Powerlifting Senior Sets World Records
Becoming a septuagenarian senior citizen doesn’t mean that the beginning of a slow slide into decreased physical activity and fitness levels.
For Oneida Indian Nation native (Wolf Clan) and grandfather Ray Fougnier, turning 70 was the beginning of his interest in weightlifting. He told Indian Country (todaymedianetwork.com) that he got into powerlifting as a senior in order to stay physically fit and prevent diabetes, saying
“Weightlifting really helps to control sugar in the blood.”
Fougnier believes that Native Americans need to be wary of a sedentary lifestyle “especially if we’re predisposed to diabetes, blood pressure, cancer, heart disease“, and to be aware of their diet and exercise levels.
Ray Fougnier had been a science teacher and head of the American Indian Program at Cornell University, enjoying retirement for 8 years before he began powerlifting at age 70 in January 2013. The first year he competed, he set raw powerlifting records in his age division (70-74) in the Raw Nationals Championship (raw powerlifting requires athletes to have no assistance or support from equipment while lifting). In his second year of competition, Fougnier received 5 medals and finished 2nd overall in the world championships.
This past April 2016 Ray Fougnier set 4 world records (deadlift, squat, bench press, and overall score) for his age division at the North American Championships of the Amateur Athletic Union in Laughlin, Nevada and has qualified to compete again in the AAU World Powerlifting Championships in Las Vegas (September 2016). He is sponsored by the Oneida Indian Nation.
He said after his most recent win that
“Health and fitness have always been a priority for me, but it is my hope that with this new national and international platform, I can serve as a positive role model who helps inspire Native peoples and children to embrace an active lifestyle.”

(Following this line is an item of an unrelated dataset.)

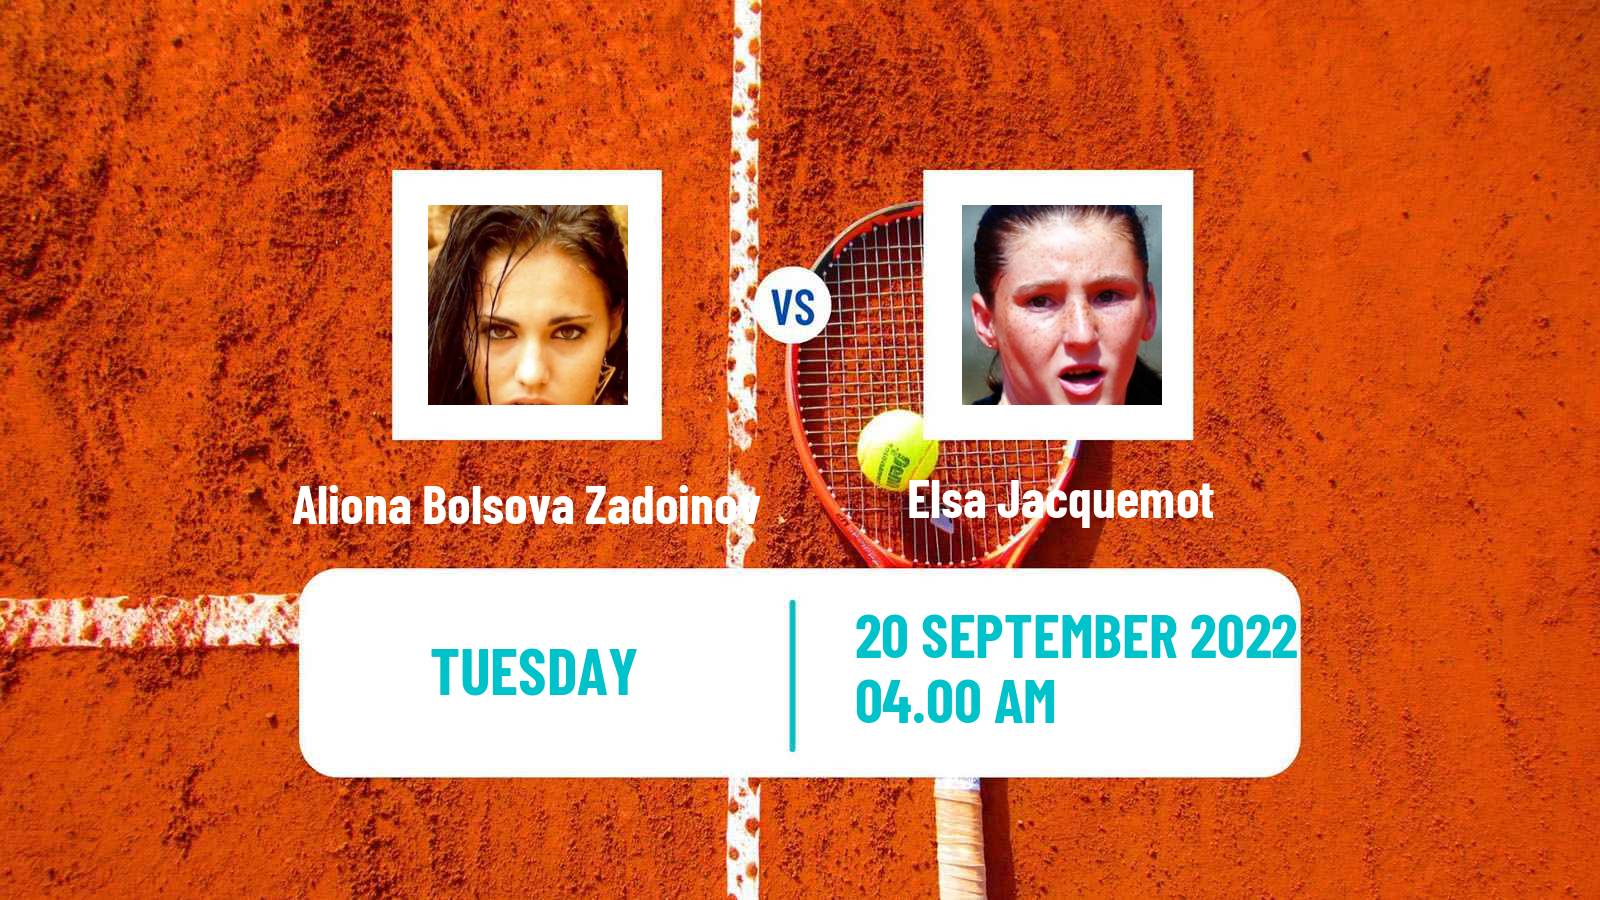 Tennis ITF Tournaments Aliona Bolsova Zadoinov - Elsa Jacquemot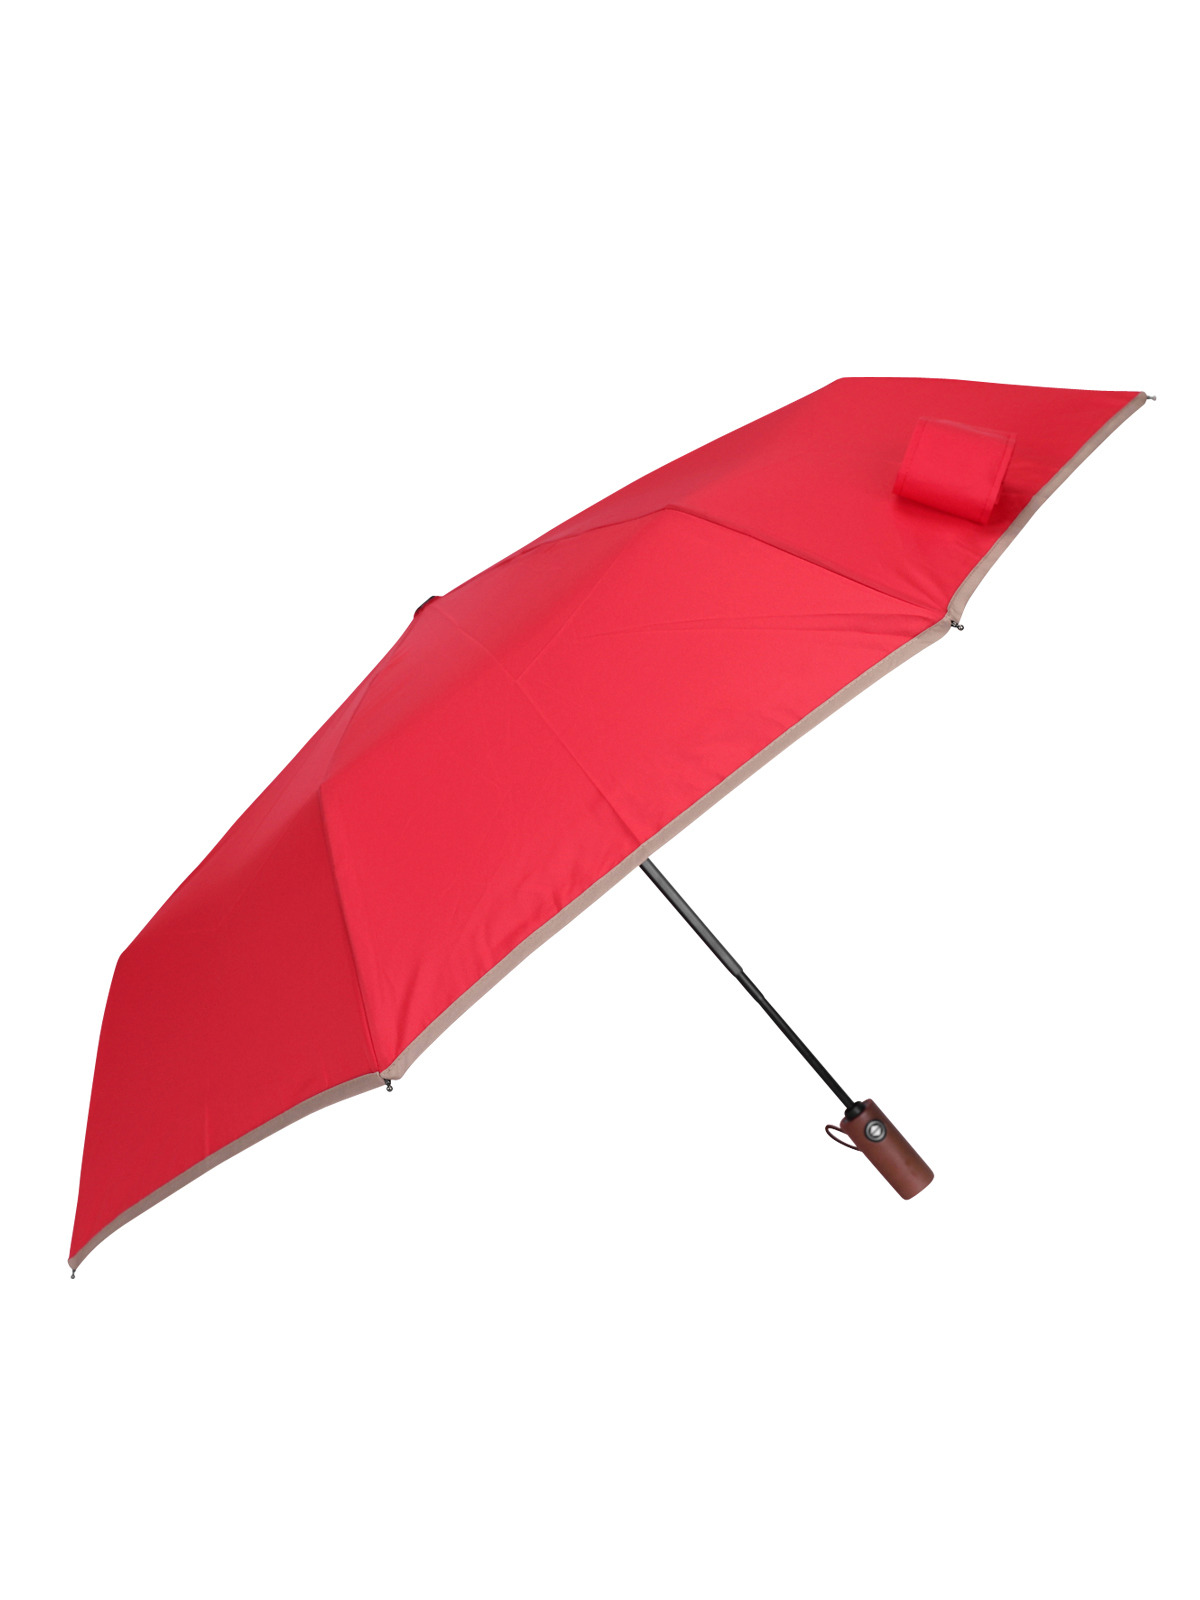 엘케이트 여성 우산 LDDR078 완전 자동 접이식 우드 핸들

Fougnier works out 3 days a week for 2 hours daily and follows a diet rich in fruits, vegetables and protein. His tip for for seniors and older adult men who are interested in increasing their activity levels and fitness regimen:
“At my age I need to have more recovery time. I can’t lift like younger lifters lift. You need to be a little more restrained in the type of abuse you put your body through. That’s why I only work only three days a week.”
Fougnier was still going strong in 2019, setting 10 new weightlifting world records at the AAU Powerlifting World Championships, saying
“I feel really good about where I’m at and hope my abilities serve as a testament to the fact that it’s never too late to take on a healthy lifestyle.”
In his late 70s, Ray Fougner is an inspiration for older adults and senior citizens (male and female) to embrace a healthy lifestyle and begin on the path to physical fitness.